__What to work on__:
Drop all images. Then write out each line below exactly as given.

__Data below__:

******

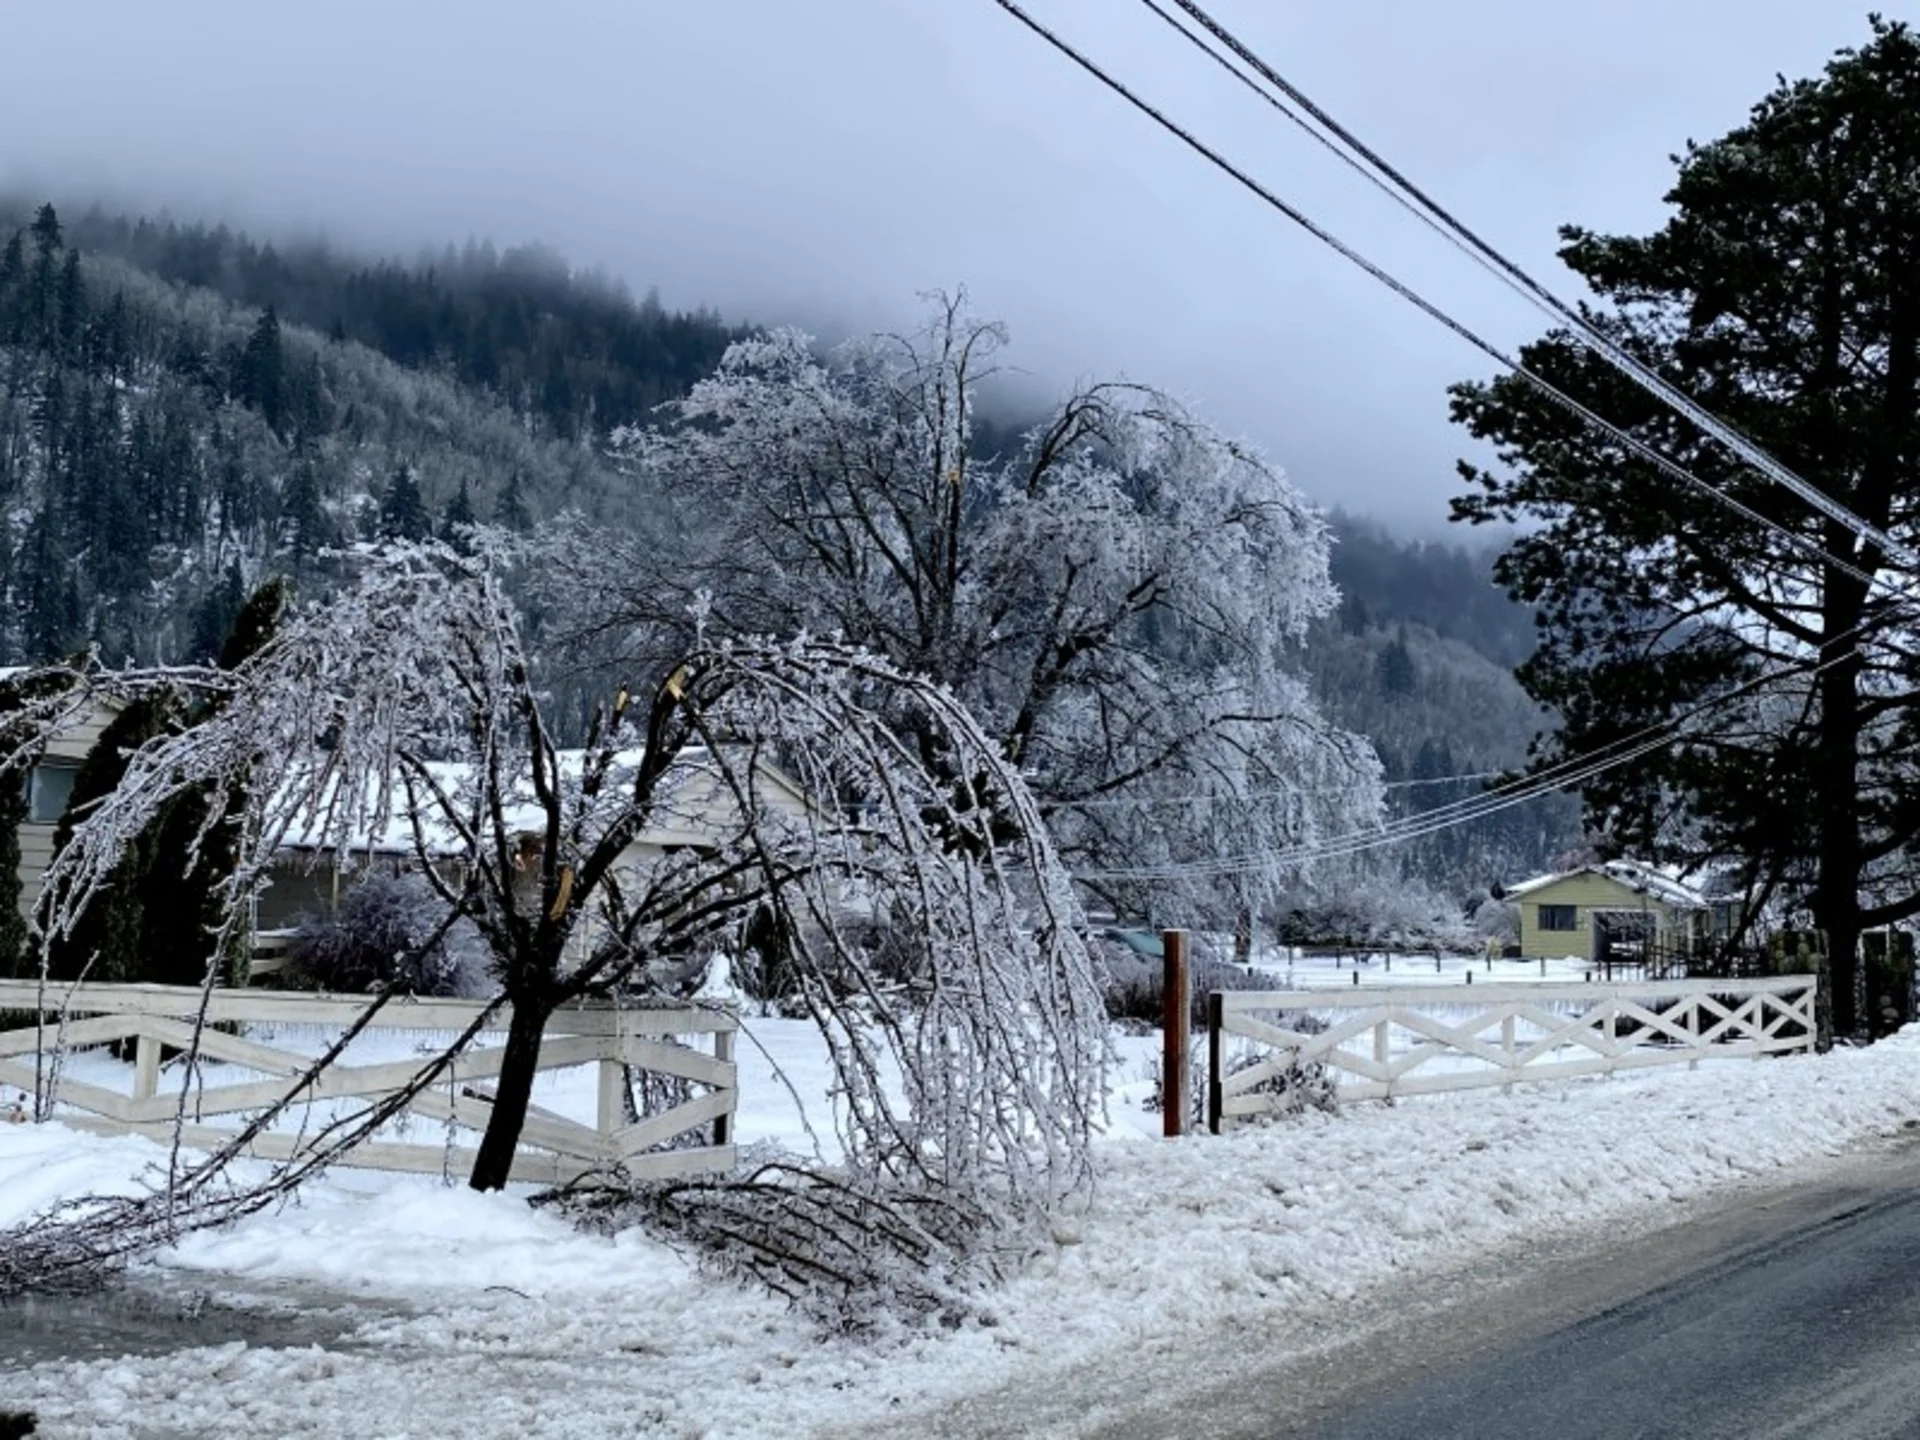 PHOTOS: Brutal ice storm, epic storm surge deal major winter blow to B.C.
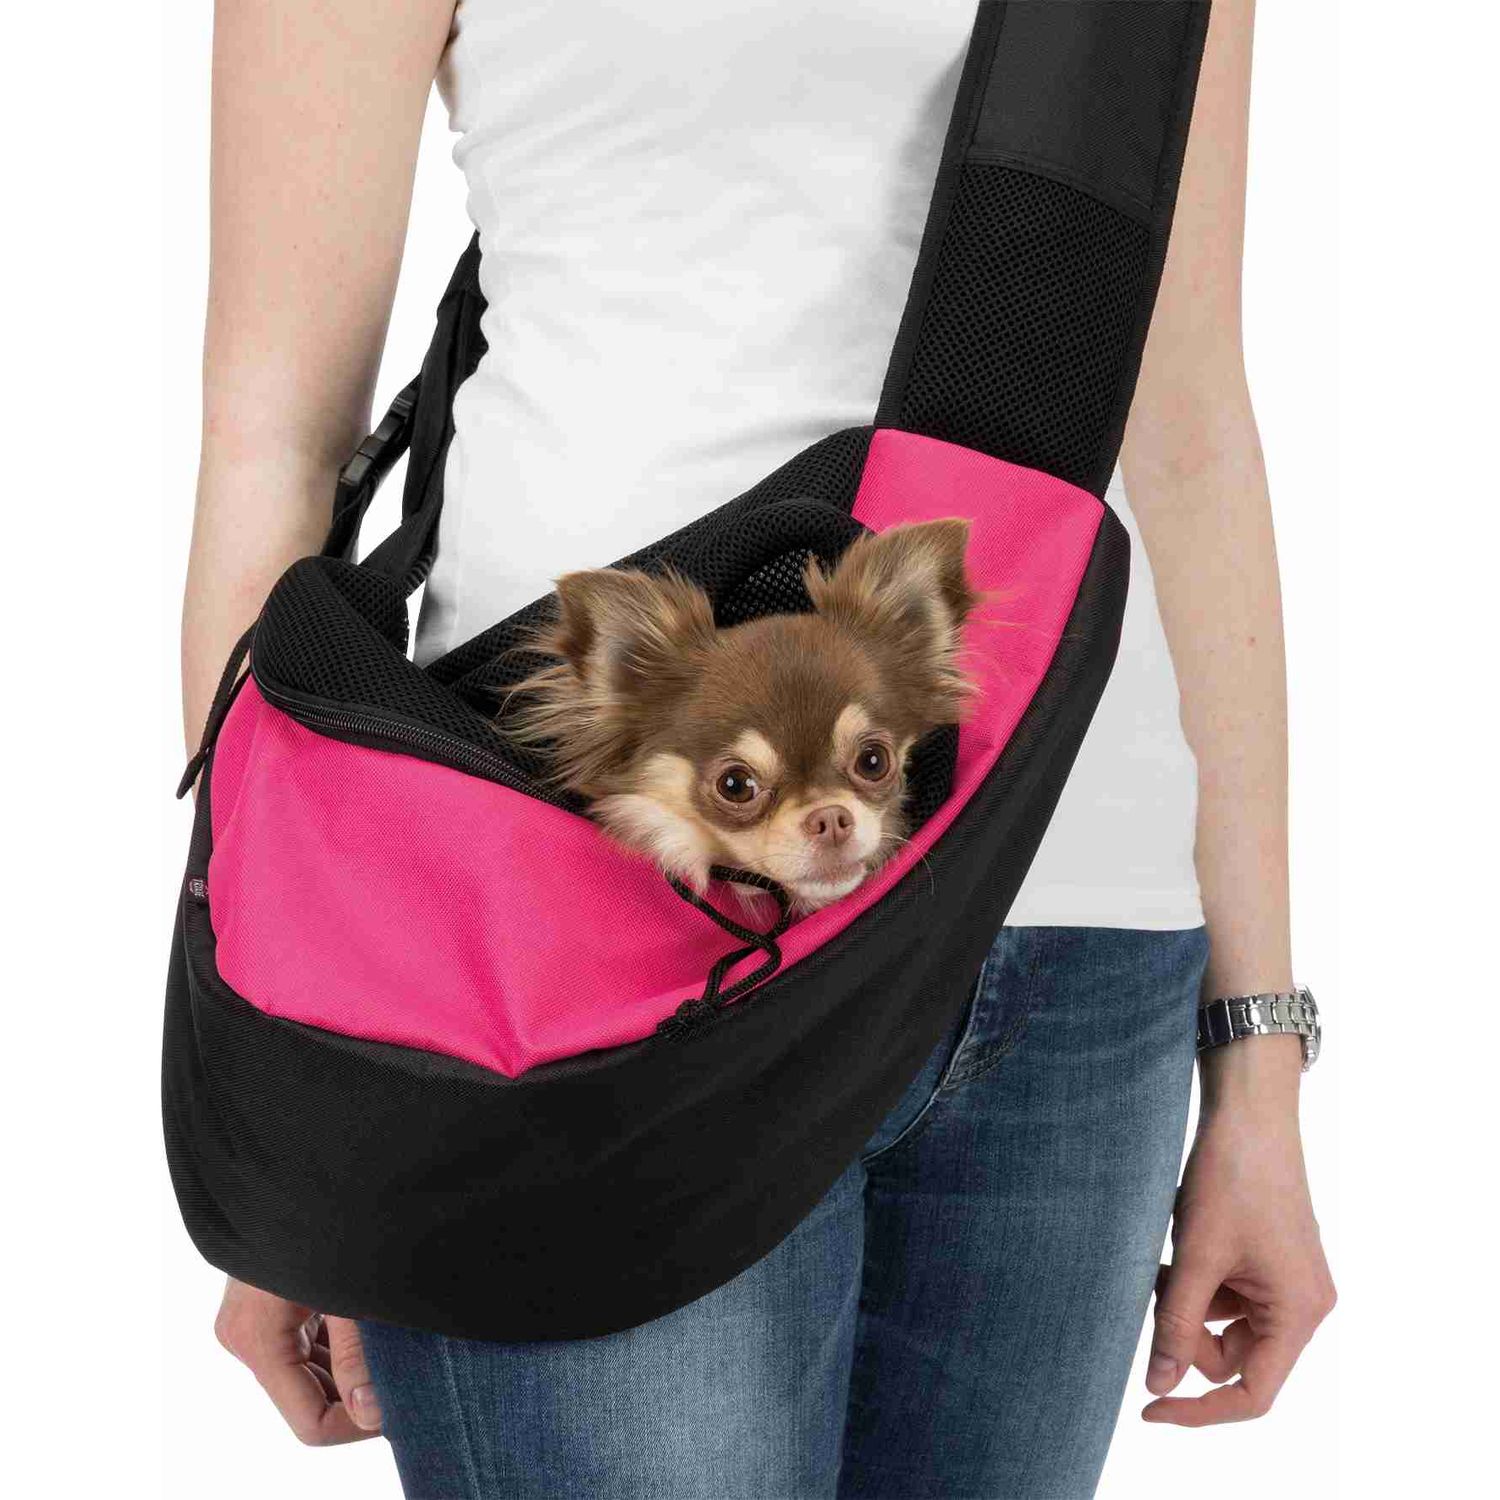 Сумка-переноска для собак Trixie Sling, полиэстер, фронтальная, до 5 кг, 50х25х18 см, розовая с черным - фото 2
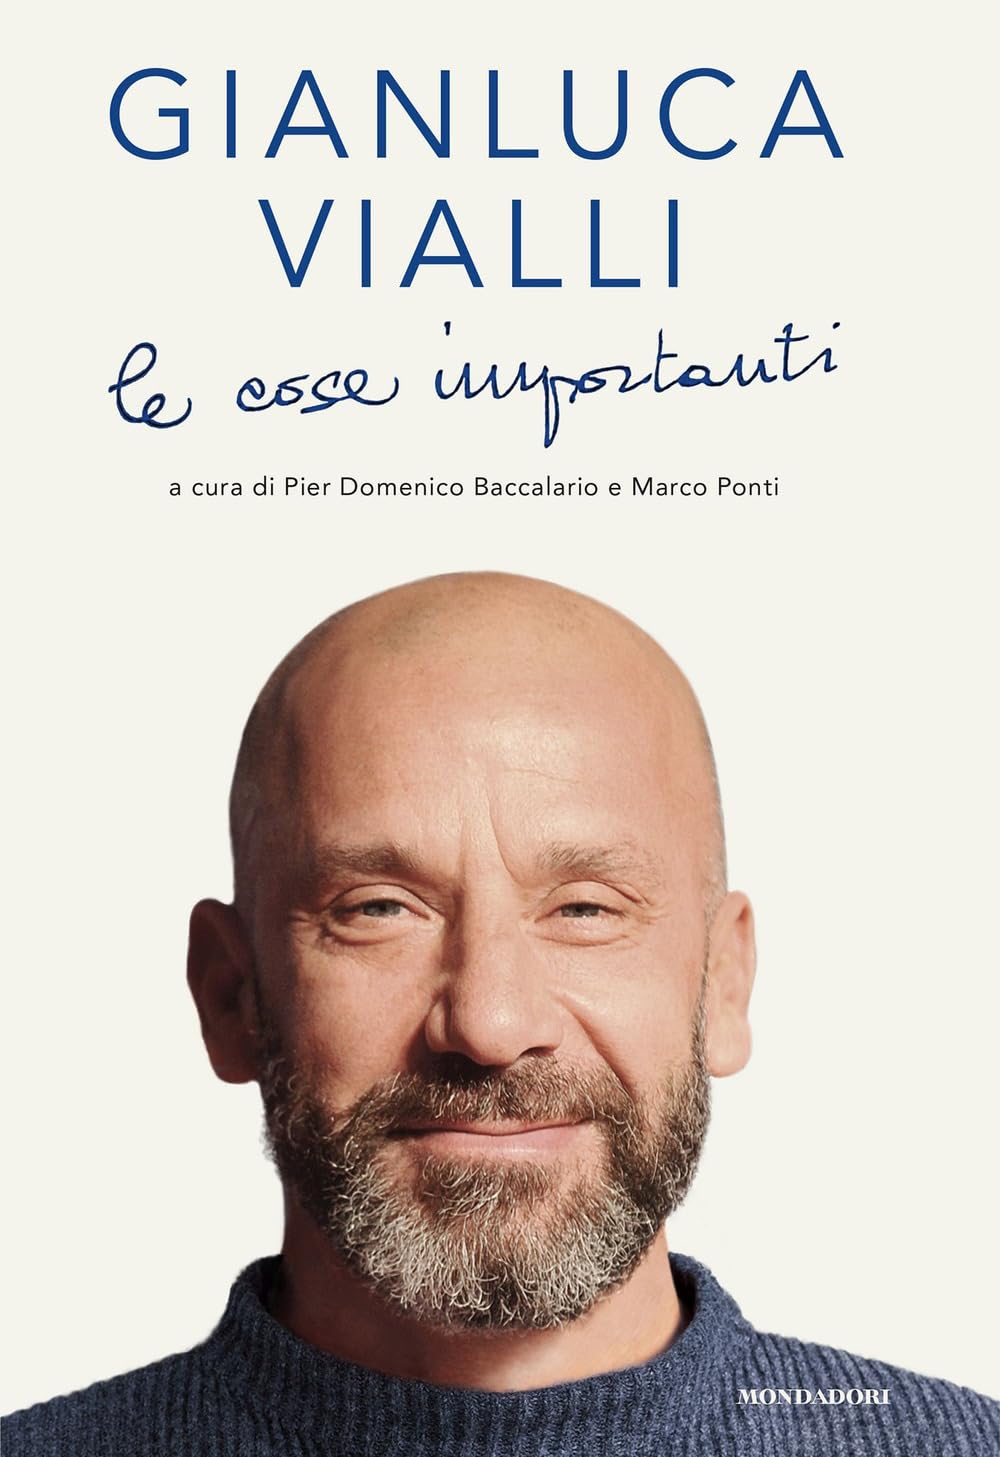 Gianluca Vialli: Le cose importanti (Italiano language, Mondadori)

******

__Solution to the exercise__:
 PHOTOS: Brutal ice storm, epic storm surge deal major winter blow to B.C.
 Сумка-переноска для собак Trixie Sling, полиэстер, фронтальная, до 5 кг, 50х25х18 см, розовая с черным - фото 2
 Gianluca Vialli: Le cose importanti (Italiano language, Mondadori)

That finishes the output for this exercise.